La veille du coup d’envoi de la compétition, le président de la BAL, le Sénégalais Amadou Gallo Fall a animé une conférence de presse au cours de laquelle plusieurs sujets ont été abordés comme le choix du Maroc pour abriter le tournoi, les réalisations de l’instance sportive, l’impact de la BAL et les défis à relever pour le basket-ball continental.
Amadou Gallo Fall avait à ses côtés, Clare Akamanzi, directrice de la NBA Africa et Anibal Aurelio Manave, président de la Zone Afrique de la Fédération internationale de basket-ball (FIBA). D’entrée de jeu, le président de la BAL dira que le choix du Maroc pour organiser la compétition est logique tout simplement parce que le Royaume chérifien «joue un rôle important dans la promotion et le développement du basket-ball africain».

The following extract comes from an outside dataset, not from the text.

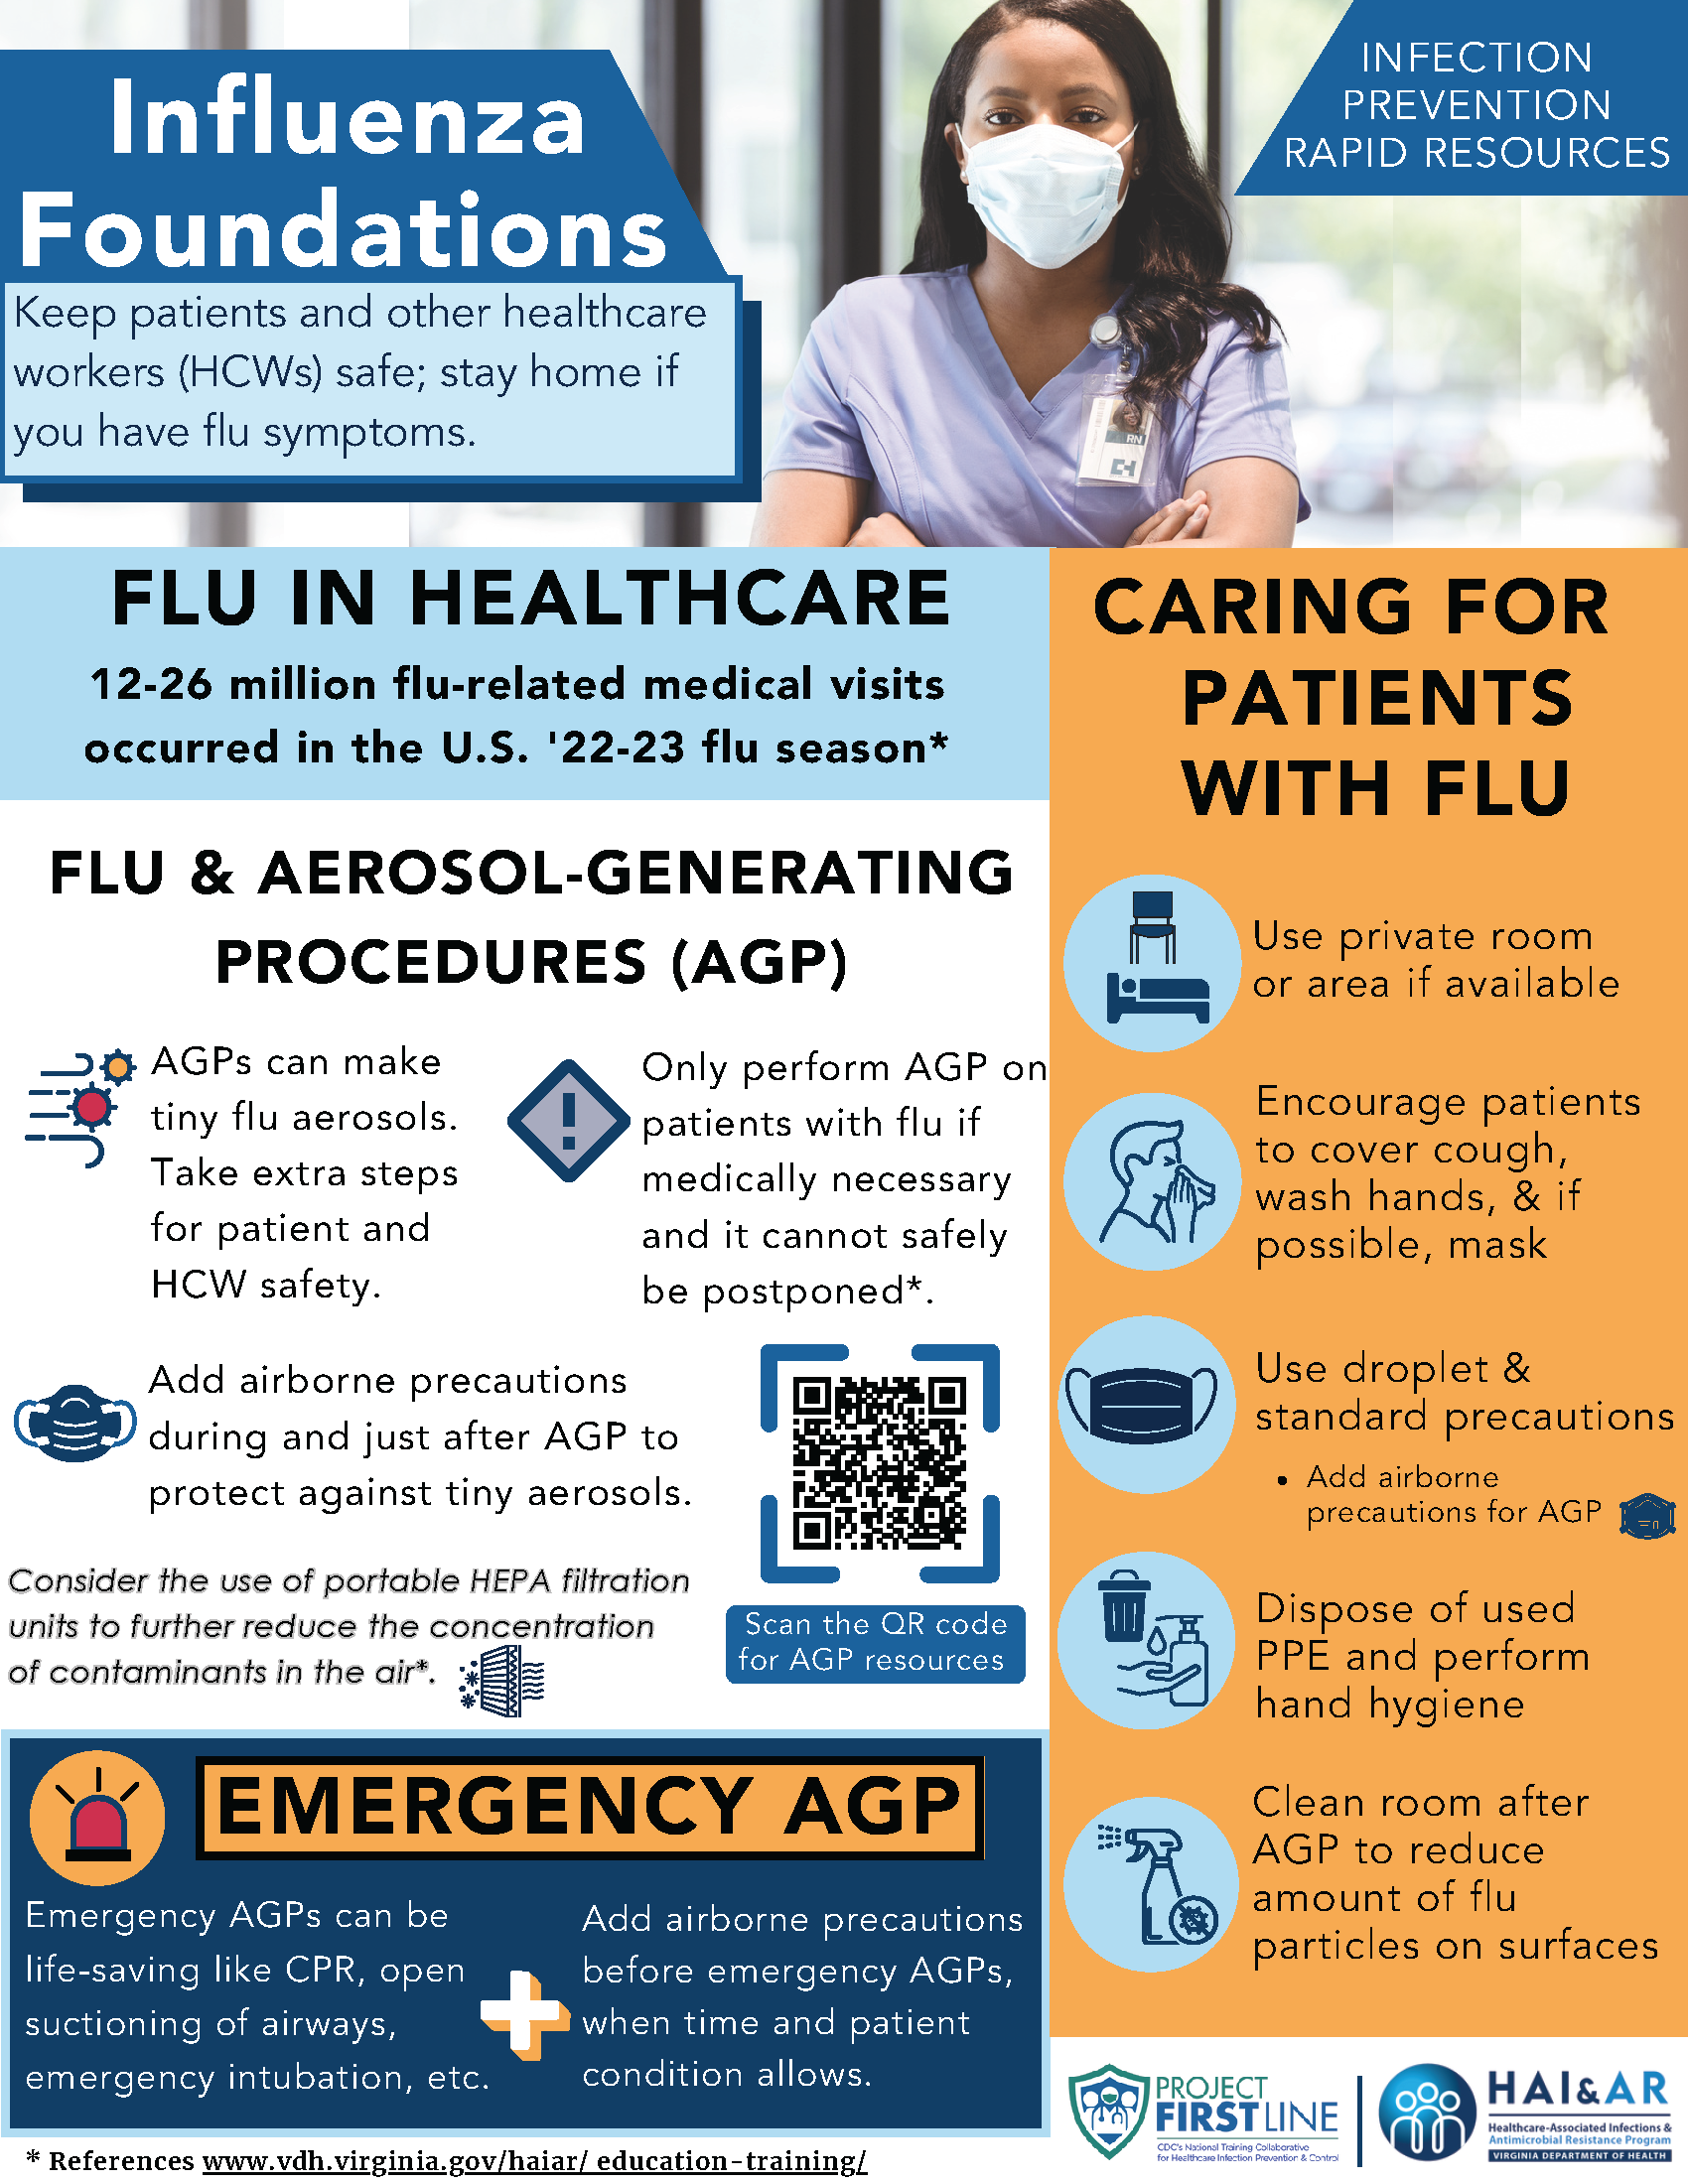 Image of the Influenza Foundations Flyer.

«L’engouement des fans a été déterminant pour amener la Conférence Kalahari dans cette belle ville de Rabat. Cette saison s’annonce extrêmement importante. Le Maroc est une plaque tournante du sport africain et mondial. L’organisation de la CAN 2025 et de la Coupe du monde 2030 sont autant d’éléments qui ont motivé notre venue au Maroc», a expliqué le Sénégalais. Parlant de la compétition proprement dite, Amadou Gallo Fall précisera que 156 joueurs, issus d’un nombre record de 28 pays, participent à la saison 5 de la BAL.

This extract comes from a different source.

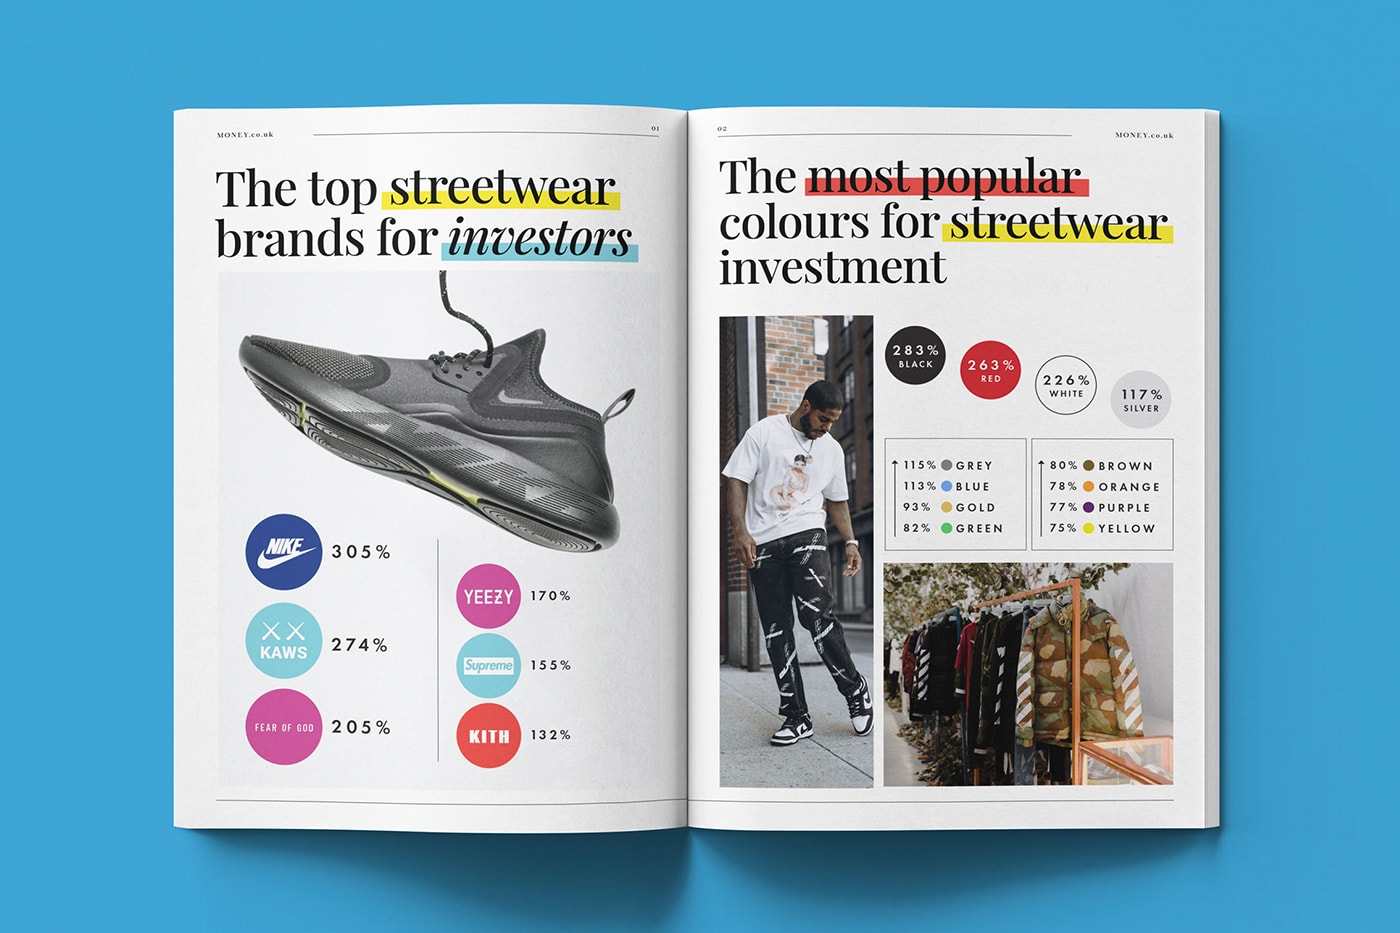 Top Streetwear Fashion Brands Sneakers Shoes Colors Investment Highest Resale Value Study StockX Nike Jordan Brand Kaws FOG

Pour le conférencier, cette expansion de la Ligue s’explique par le souhait d’attirer du talent d’élite vers le tournoi. «L’objectif est de faire revenir les meilleurs joueurs en Afrique. Nous avons deux jeunes joueurs qui sont issus de la NBA Academy Rueben Chinyelu (Florida Gators) et Khaman Maluach (Duke) qui jouent les Finals 4 de l’Association nationale du sport collégial (NCAA), ce week-end. Cela coïncide avec le lancement de la saison 5».(ndlr : Khaman Maluach a joué dans 3 clubs de la BAL, à savoir Cobra Sport, AS Douanes et City Oiler), a-t-il ajouté.

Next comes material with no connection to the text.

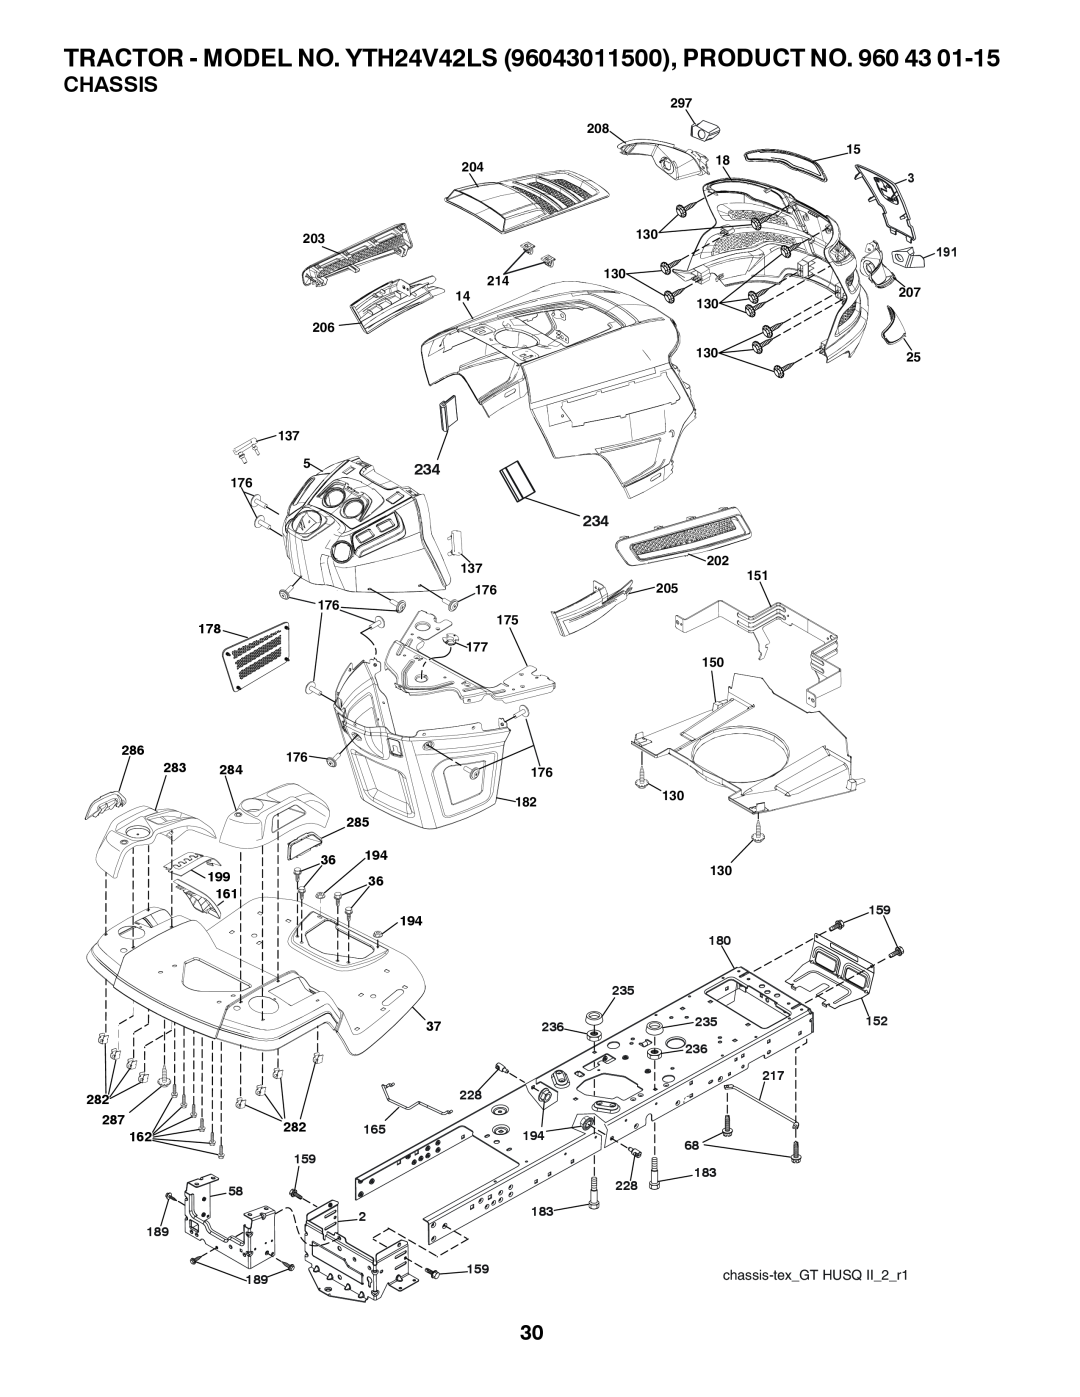 Husqvarna owner manual Chassis, TRACTOR - MODEL NO. YTH24V42LS 96043011500, PRODUCT NO. 960 43, chassis-texGT HUSQ II2r1

Amadou Gallo Fall s’est également réjoui de voir que certains talents vont rester en Afrique, affichant toute sa confiance sur la démarche de la BAL qui s’inscrit dans le long terme. Le dirigeant sportif a aussi rappelé que cette année, six nouveaux clubs découvrent la BAL. Il s’agit de Kriol Star (Cap-Vert), Ville de Dakar (Sénégal), d’Al Ittihad Alexandrie (Egypte), de Nairobi City Thunder (Kenya), d’Al Ahly Tripoli (Libye) et de Made by Basket-ball (Afrique du Sud). «Deux nouveaux pays : le Cap-Vert et le Kenya font leur entrée.
Les clubs investissent pour gagner leurs championnats locaux et venir disputer la BAL. L’objectif de départ est en train d’être atteint. Les joueurs africains reviennent jouer en Afrique, le talent s’exporte de moins en moins. Mieux, on note même l’arrivée de joueurs étrangers dans les championnats locaux. Bref, on peut dire que la BAL a pris son envol», a insisté Amadou Gallo Fall. Selon lui, la BAL est une locomotive économique avec 250 millions de dollars (environ 125 milliards de Fcfa) injectés depuis la naissance de la Ligue sans compter les 37.000 emplois générés.